» INSTRUCTIONS FOR THE TASK: Copying rule for the data below: pictures stay out, and only the lines from the one with "Waist-Up Portrait of" down to the one with "STARRETT OPTICAL COMPARATOR, SERIES", inclusive, are repeated exactly.

» PROVIDED MATERIAL:
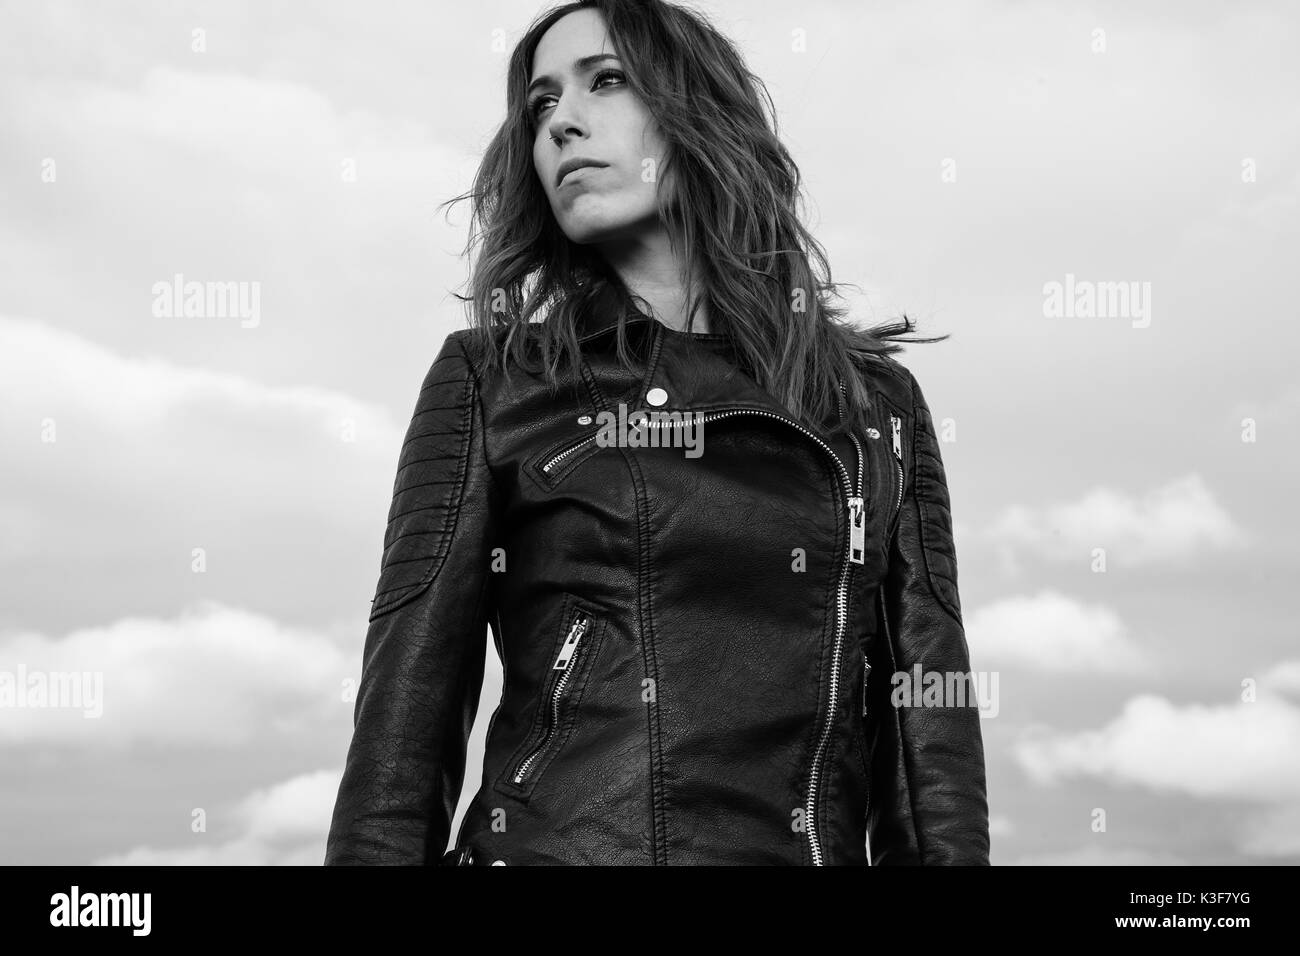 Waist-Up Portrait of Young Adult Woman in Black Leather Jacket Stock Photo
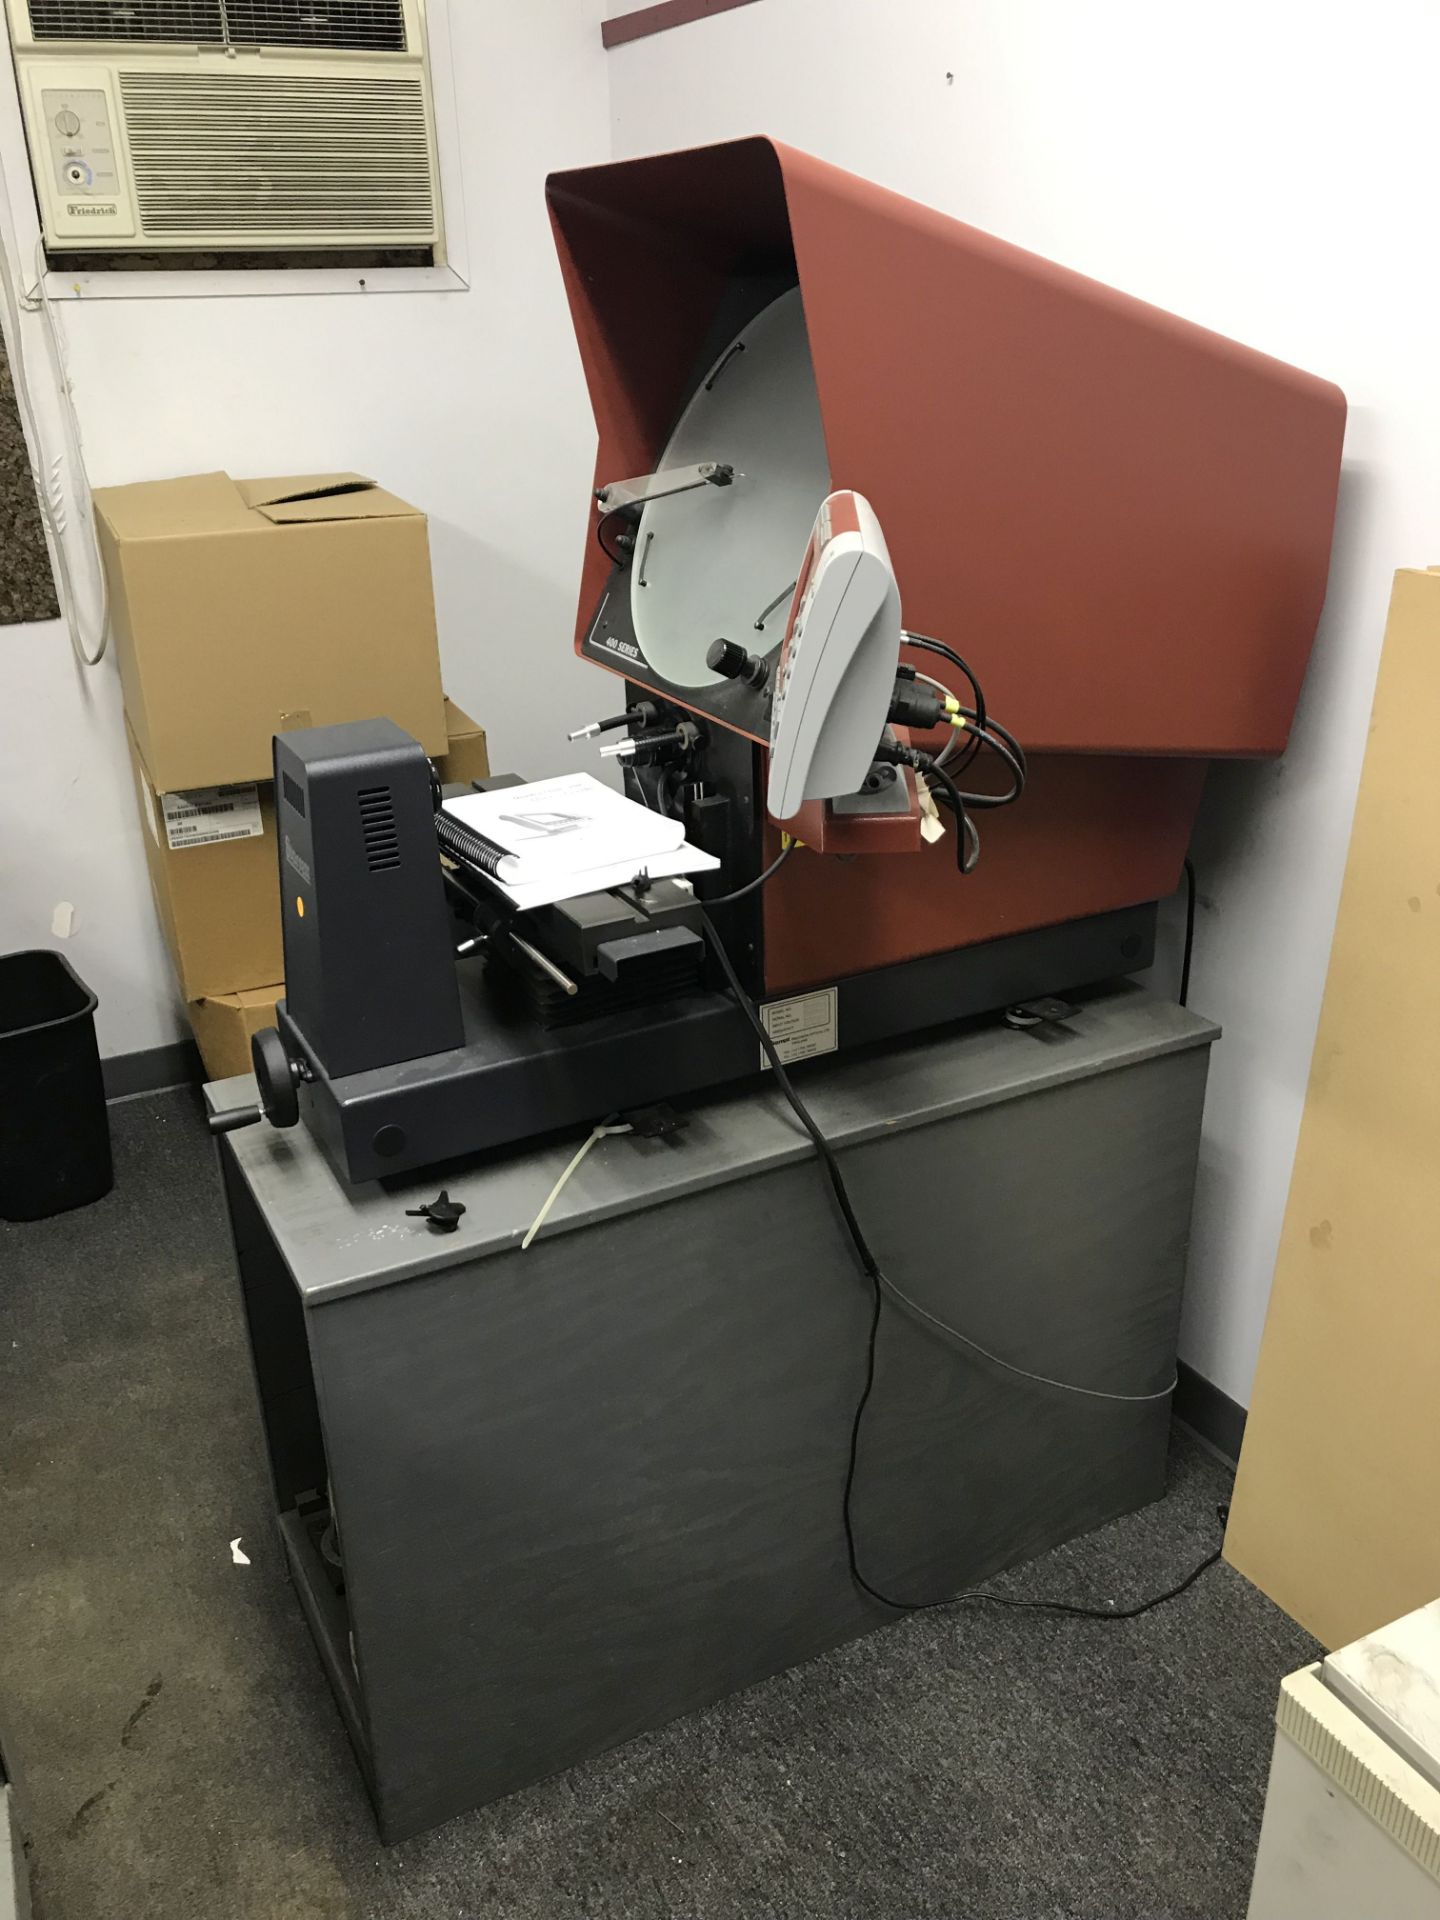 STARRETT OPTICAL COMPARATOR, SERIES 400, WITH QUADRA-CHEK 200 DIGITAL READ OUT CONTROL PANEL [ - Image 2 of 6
--
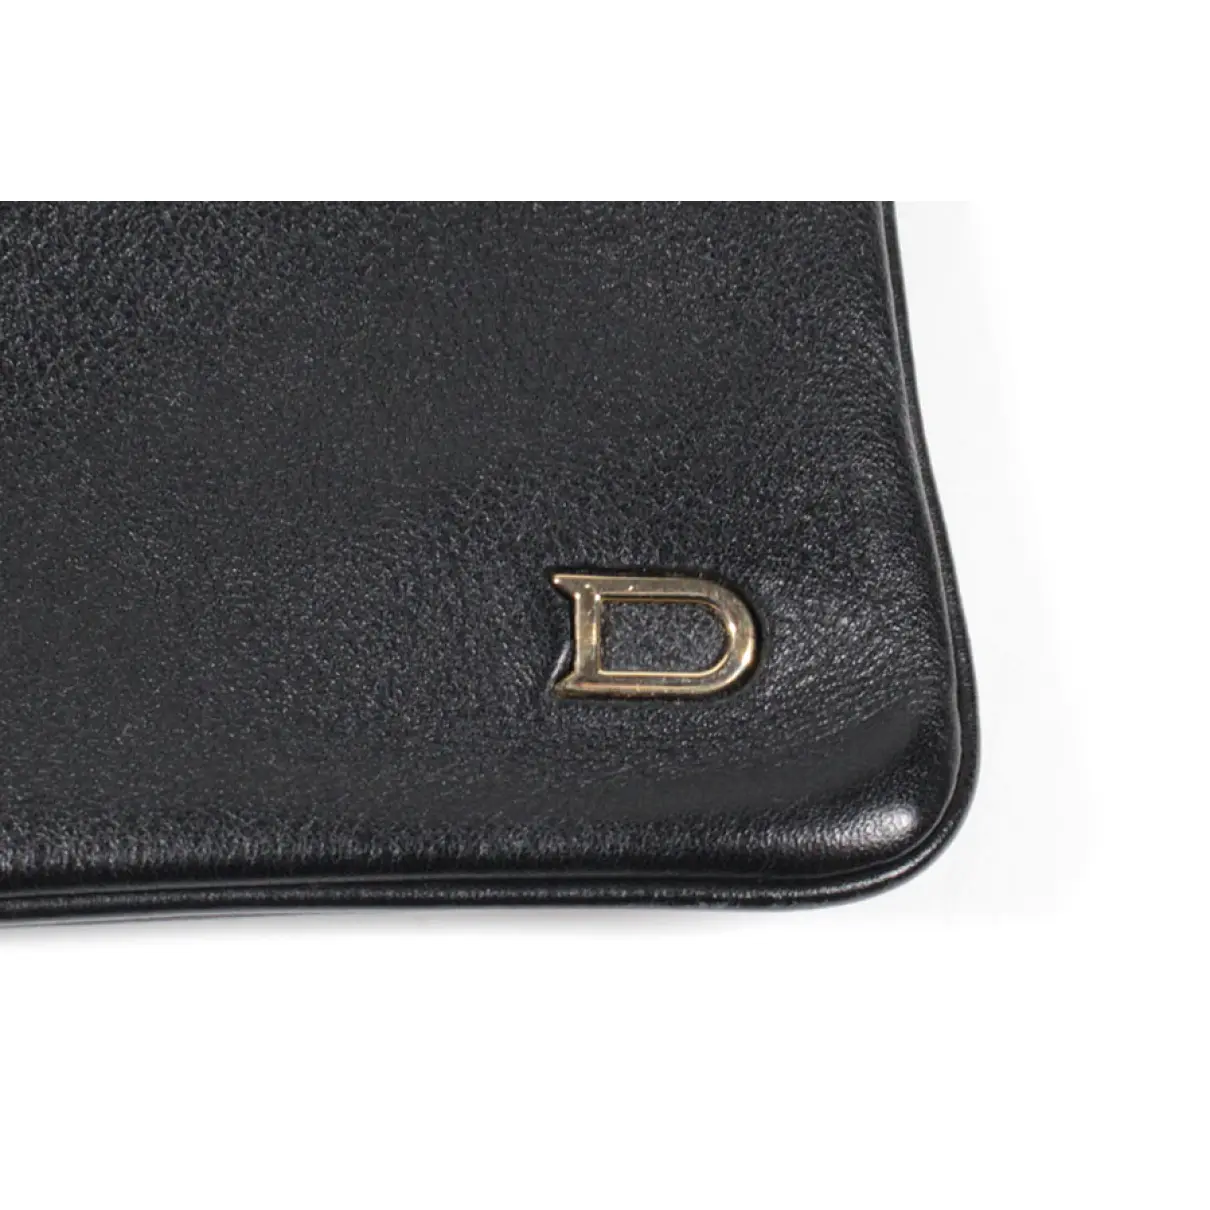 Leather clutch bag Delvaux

» EXERCISE RESPONSE:
 Waist-Up Portrait of Young Adult Woman in Black Leather Jacket Stock Photo
 STARRETT OPTICAL COMPARATOR, SERIES 400, WITH QUADRA-CHEK 200 DIGITAL READ OUT CONTROL PANEL [ - Image 2 of 6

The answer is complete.